To do |
When you retype the data, keep every word exactly and include none of the pictures.

Information shown |
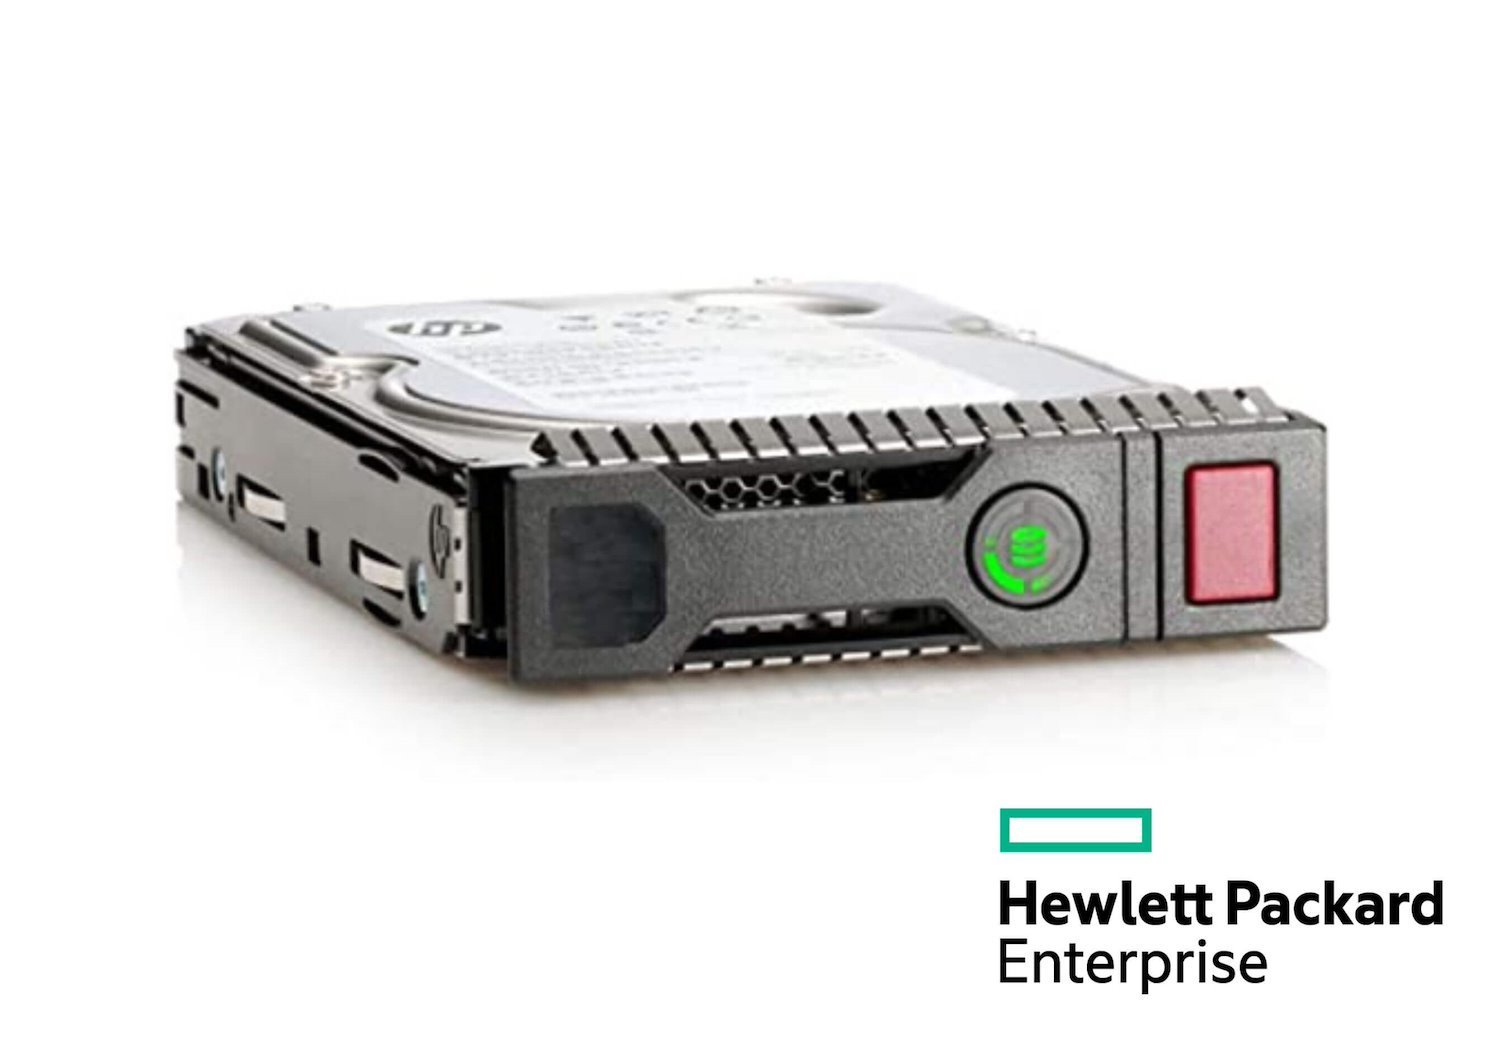 HPE 10 TB Hard Drive - 3.5" Internal - SATA (SATA/600)
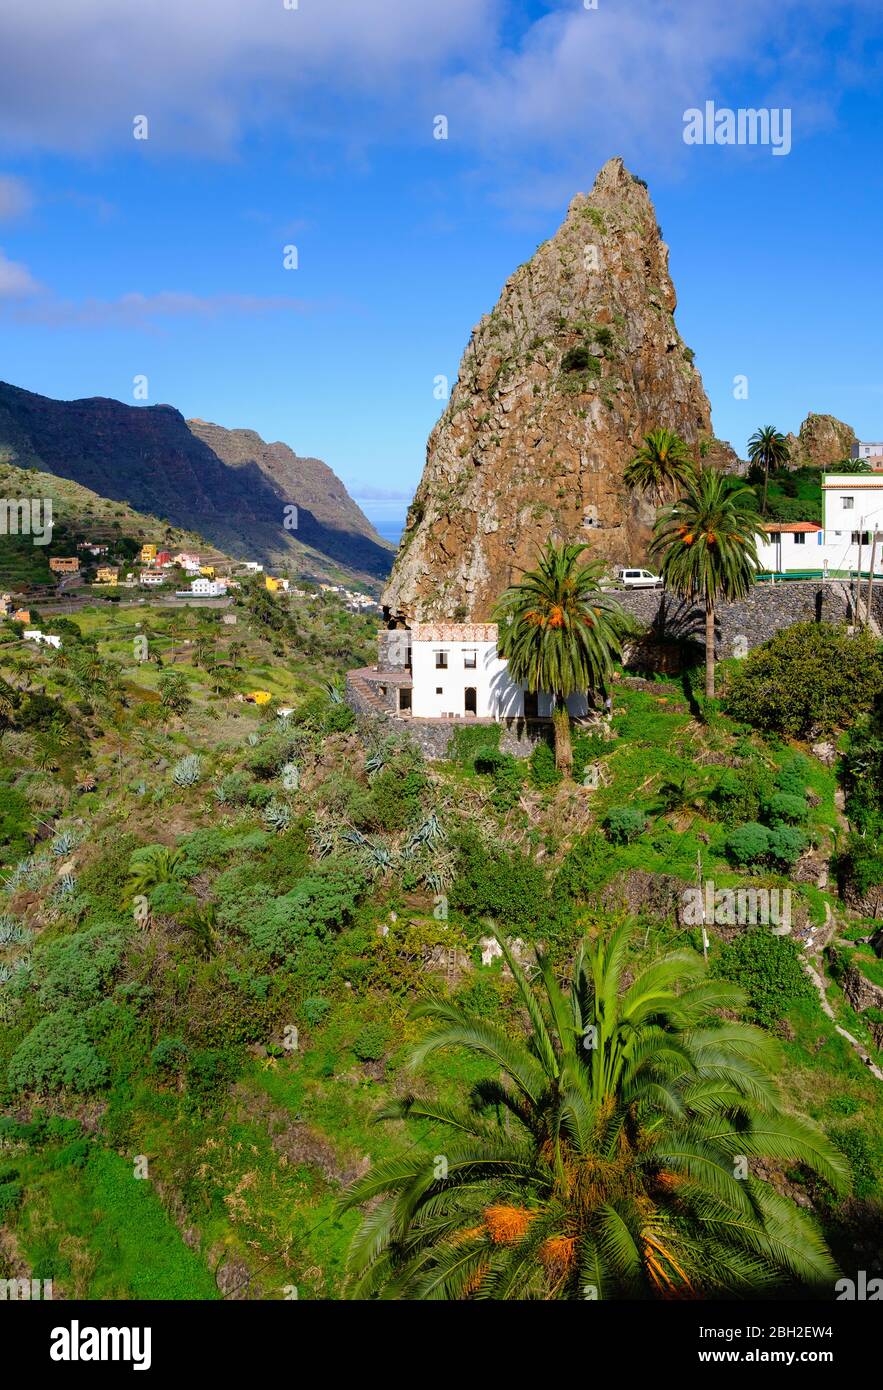 Spain, Province of Santa Cruz de Tenerife, Hermigua, Roque Pedro rock formation Stock Photo
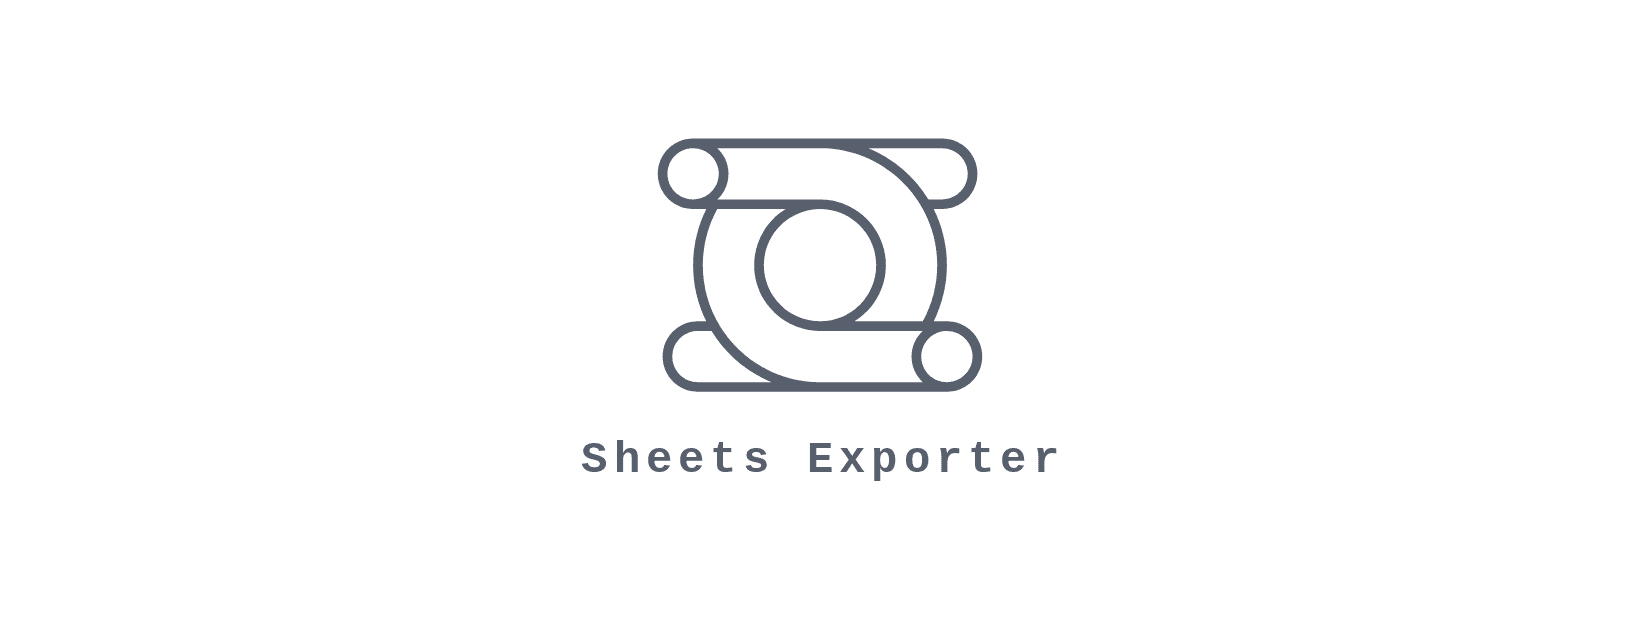 exporter_logo
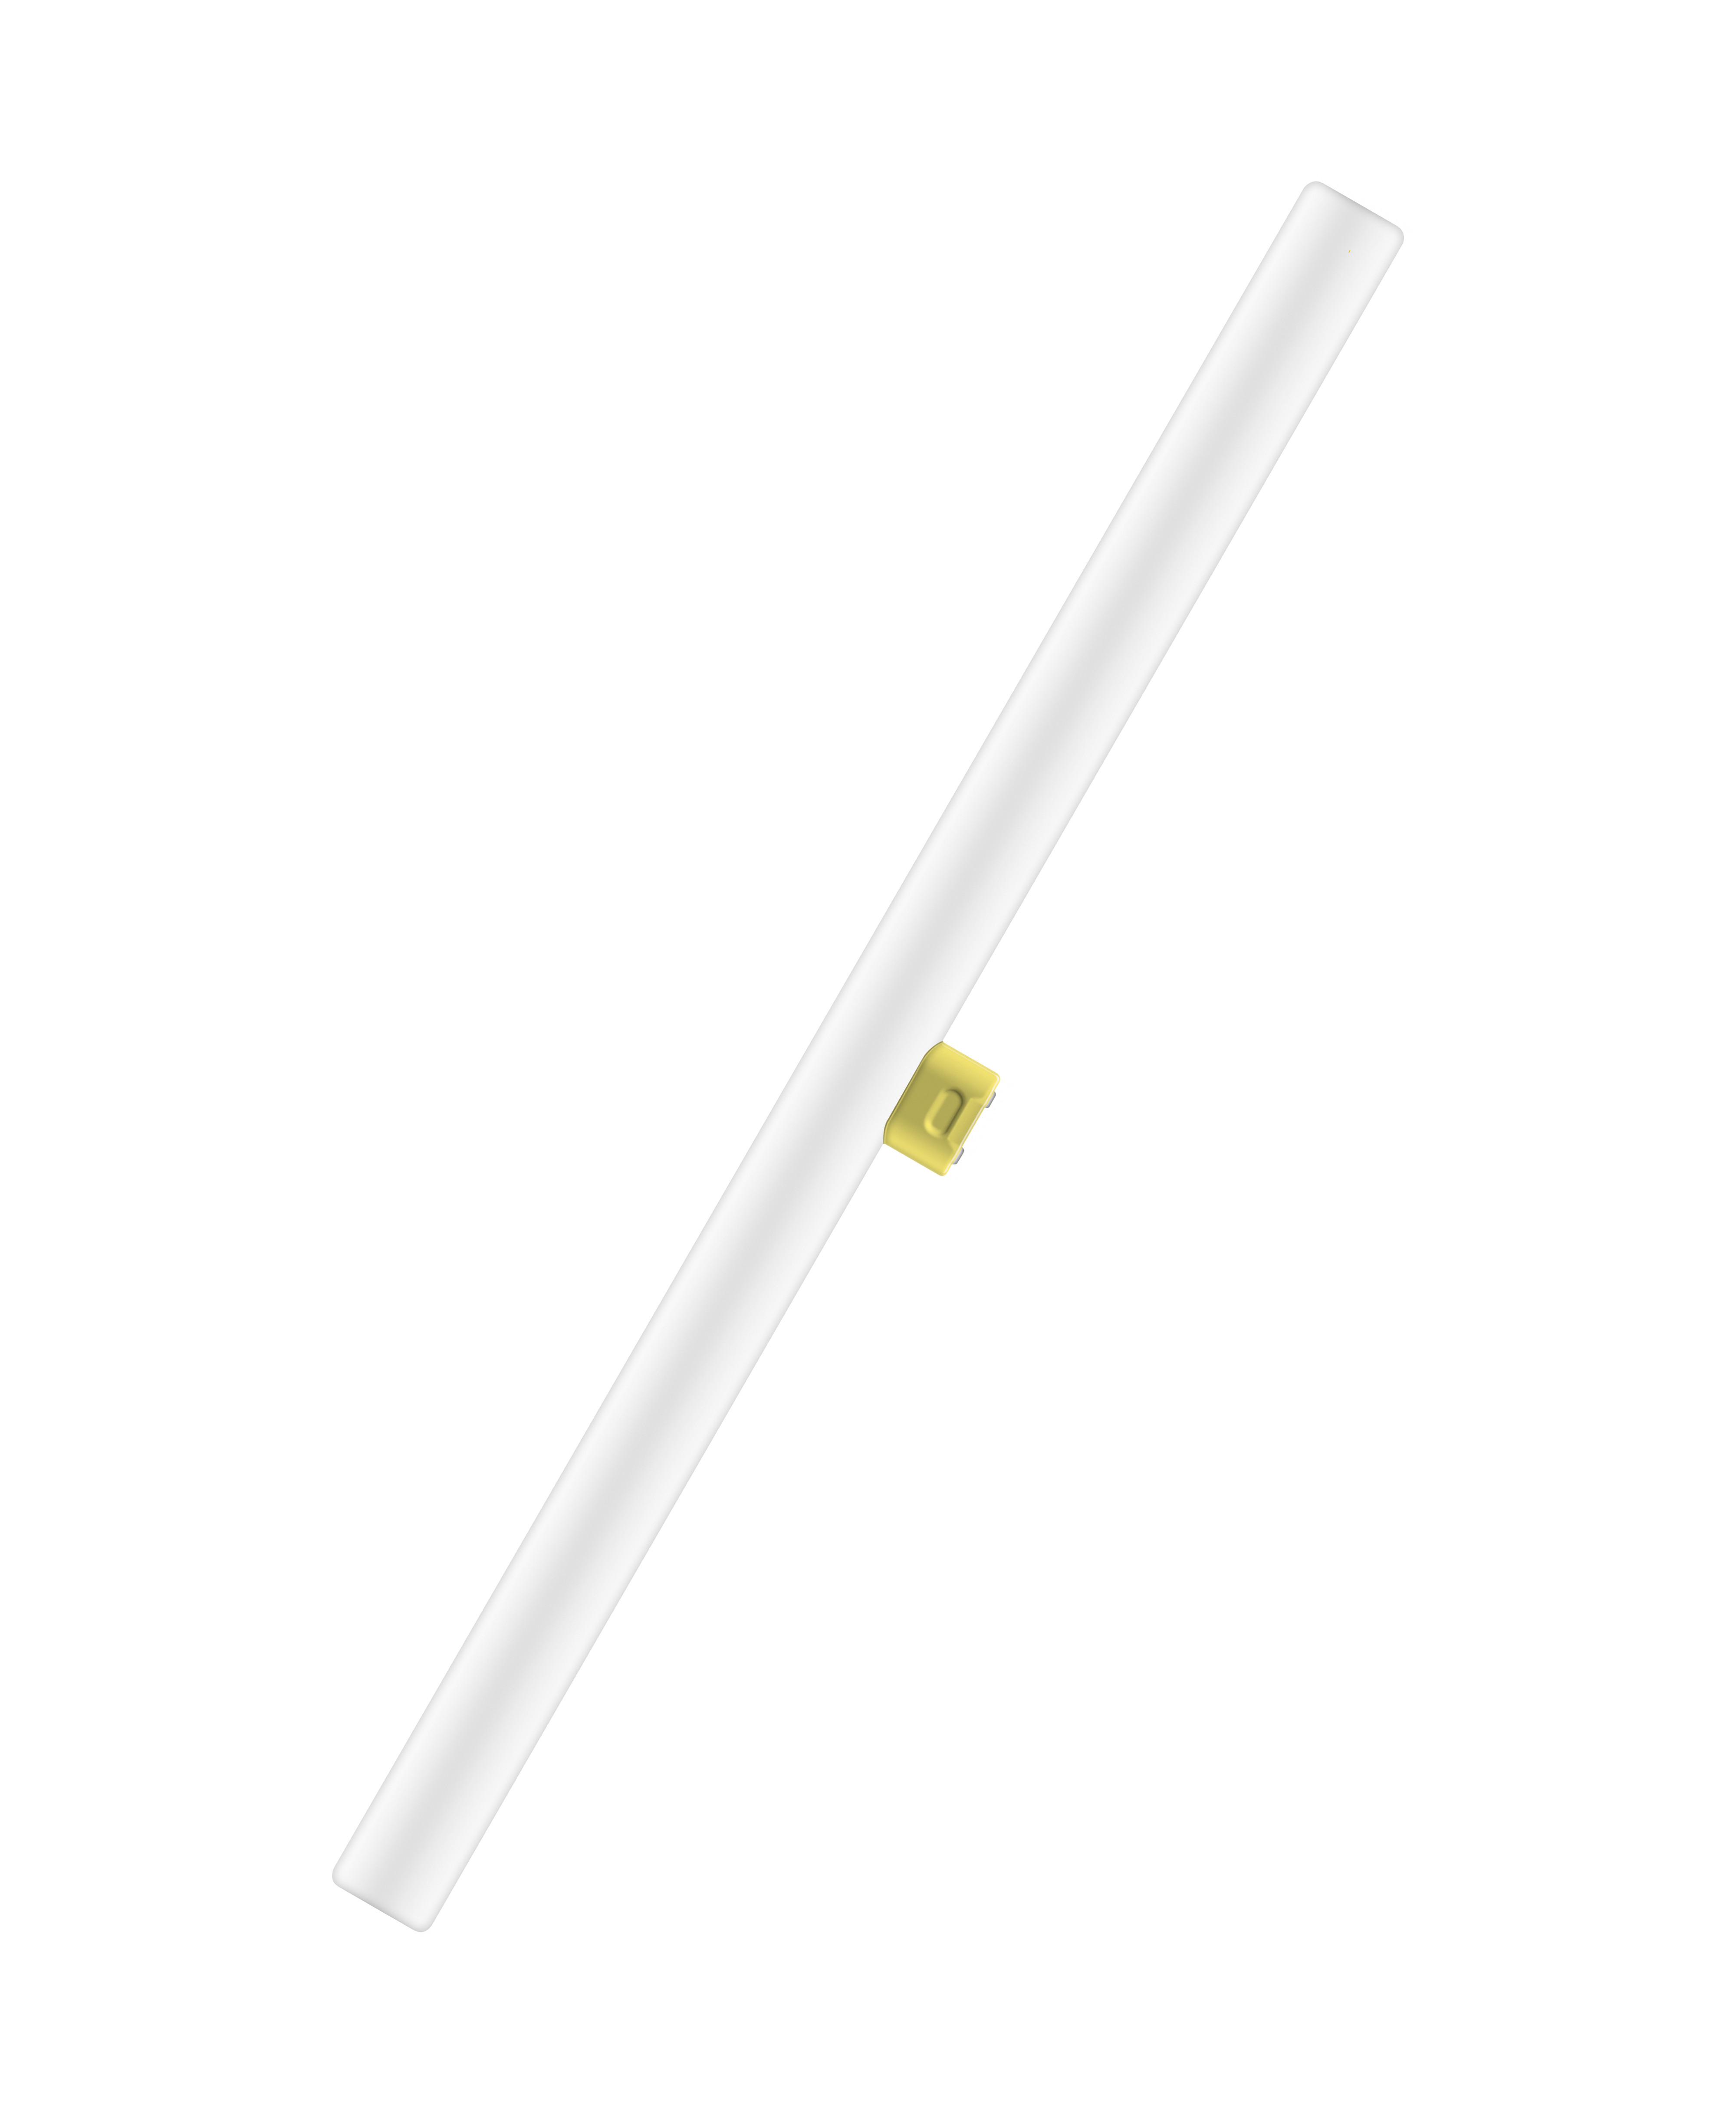 Osram Светодиодная лампа LEDinestra 6W(замена 40 Вт), цоколь S14d, матовая, теплый белый свет

Response |
 HPE 10 TB Hard Drive - 3.5" Internal - SATA (SATA/600)
 Spain, Province of Santa Cruz de Tenerife, Hermigua, Roque Pedro rock formation Stock Photo
 exporter_logo
 Osram Светодиодная лампа LEDinestra 6W(замена 40 Вт), цоколь S14d, матовая, теплый белый свет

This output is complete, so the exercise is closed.